Irwin was well aware of the symbolism of women behind bars taking part in a global event. “I feel like I’m connected to the people outside who’s also doing this dance,” said Webb. “So that makes a difference.”
San Francisco Sheriff Ross Mirkarimi invited organizers to stage the event inside the jail after he wasn’t invited to San Francisco’s official One Billion Rising event at Civic Center. As Mirkarimi walked into the women’s jail where the group was dancing, he was surrounding by the inmates chanting “go sheriff.”
“I always said it’s important to take responsibility,” said Mirkarimi, whose wife Eliana Lopez danced with the inmate group.

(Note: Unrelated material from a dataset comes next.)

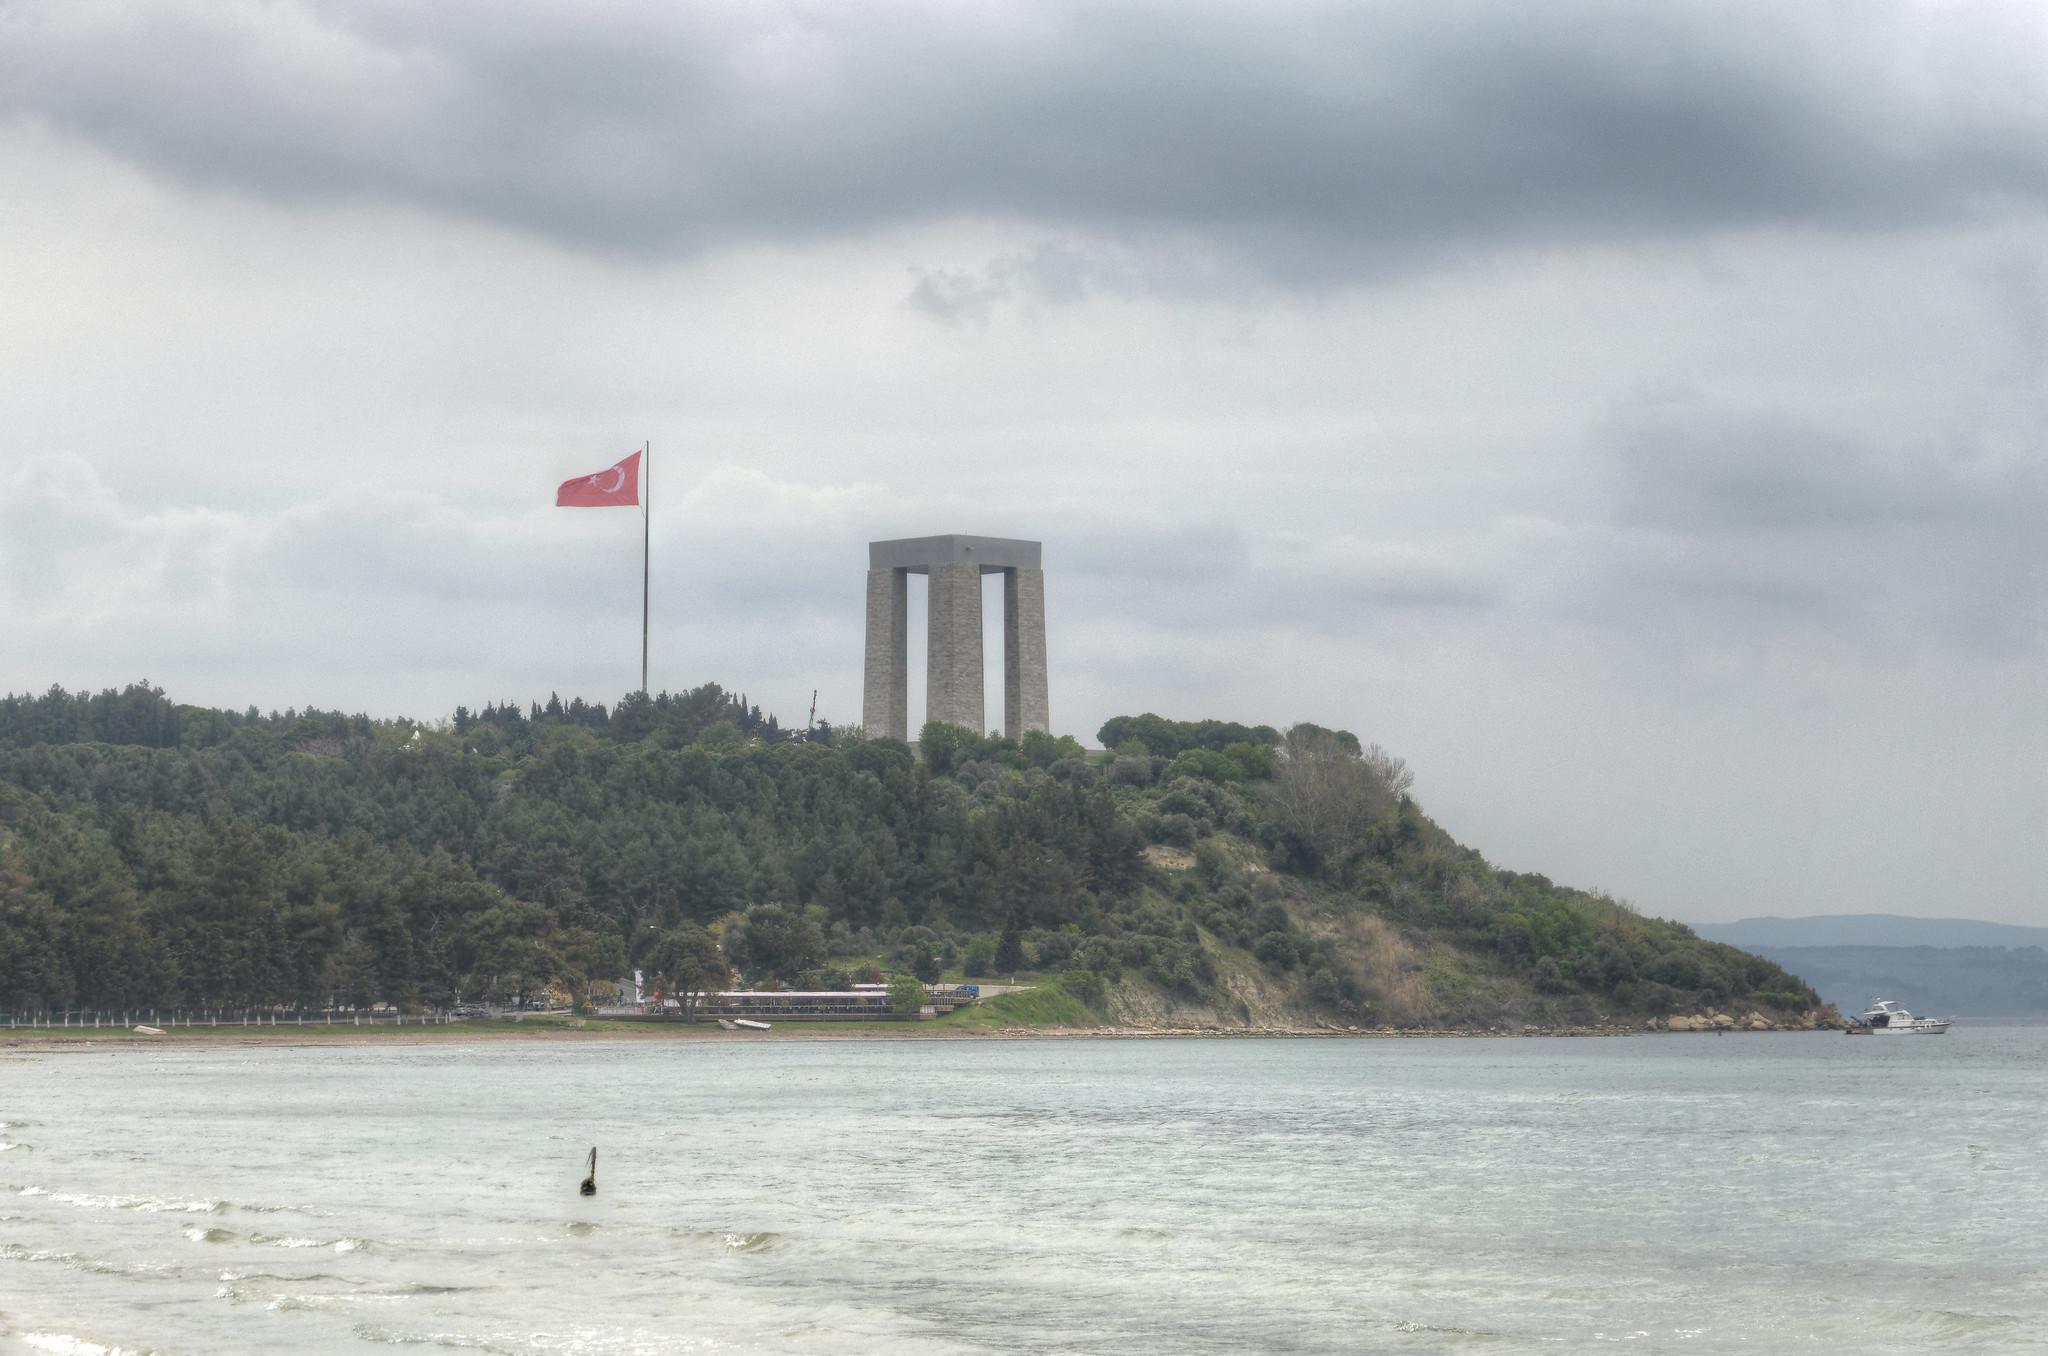 13-Turkey 25.04.2015 08-26-44 25.04.2015 10-35-38.2015 10-35-38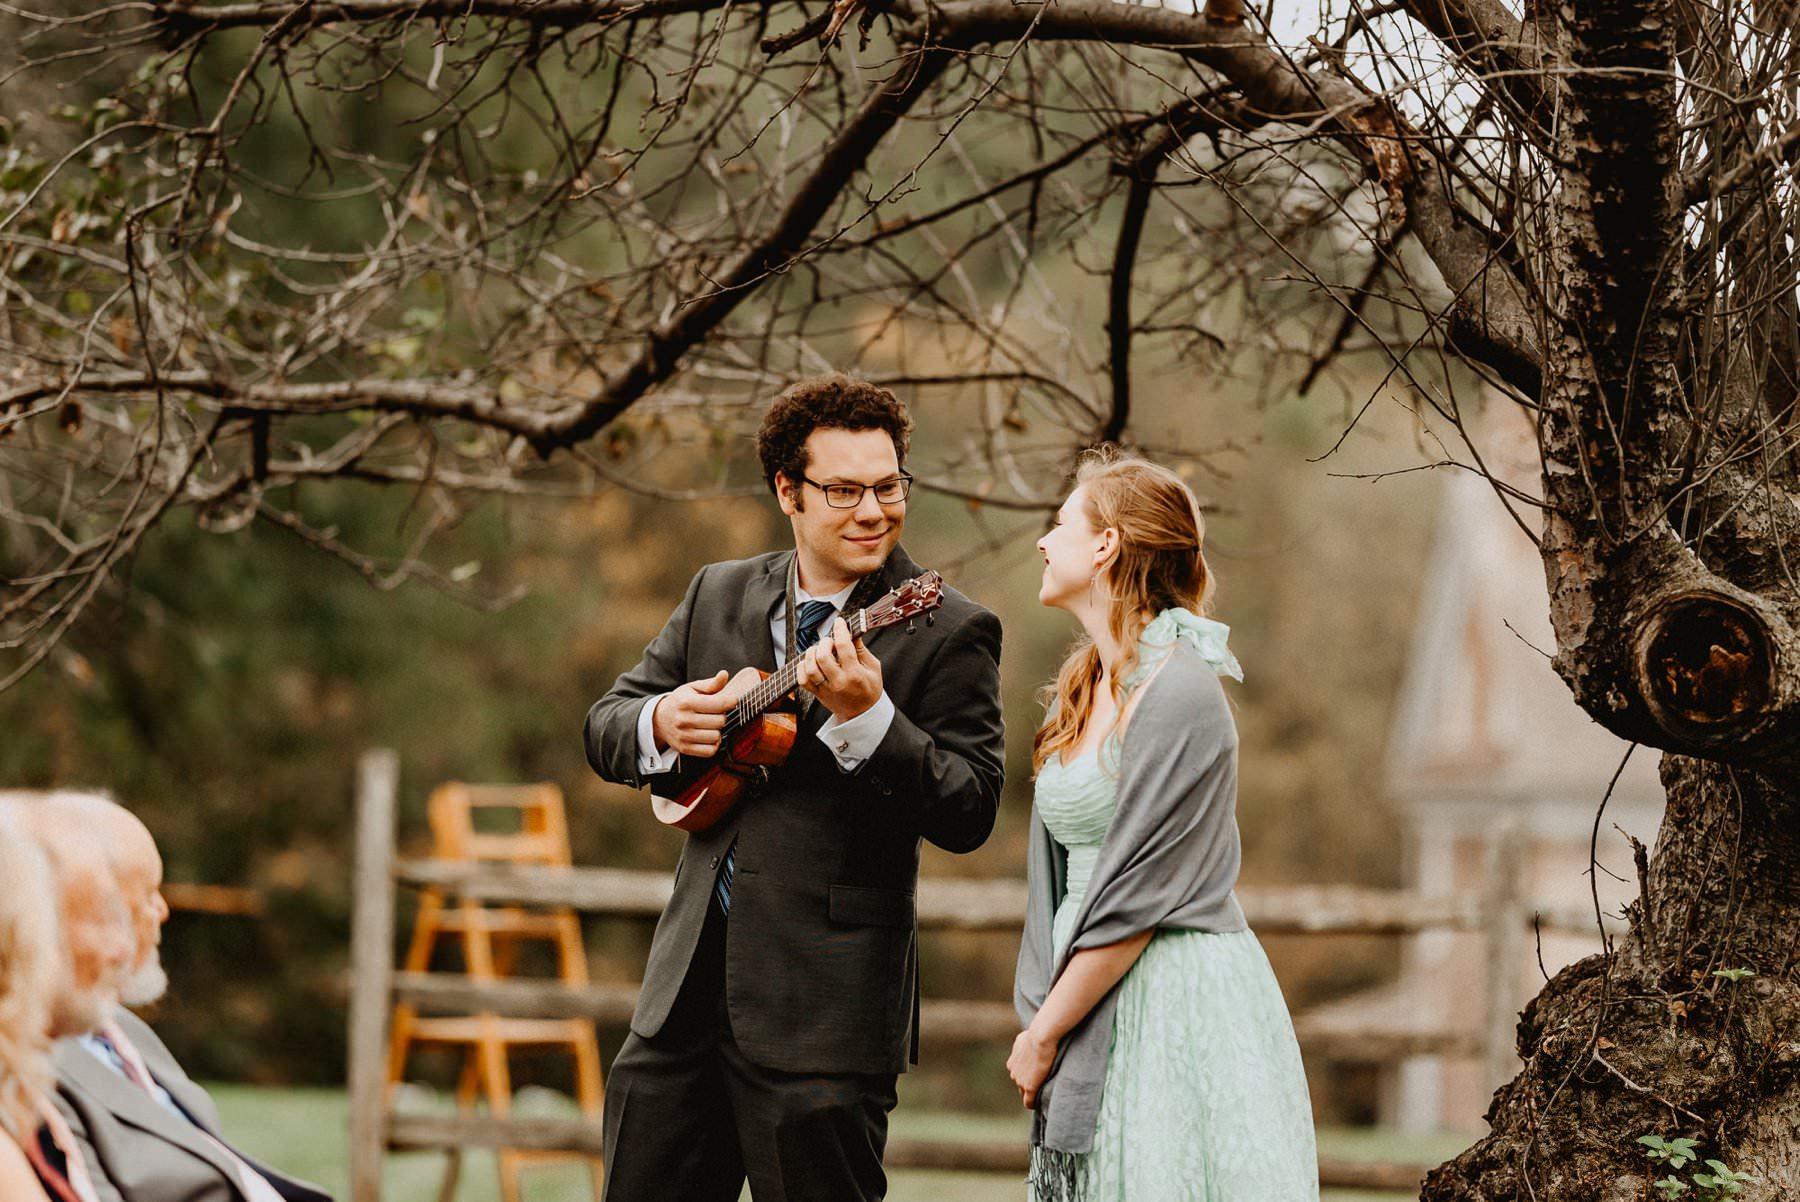 John_James_Audubon_Center_wedding-48.jpg

“I always said it’s important to understand what the power of redemption means.” The formidable power of dance redemption was also spinning its restorative magic in the San Bruno County Jail where male inmates in the Resolve to Stop the Violence Program gathered on a windowless basketball court to perform a similar dance.
The men, many sporting gang tattoos, followed the lead of a female instructor, heeding commands to roar like a lion before launching into the dance number. A uniformed Sheriff’s captain joined the group, as did some of the support staff. “We’re having fun doing it man,” said inmate Tony Scott.
We’re supporting all the women out there. We letting them know we got their back.”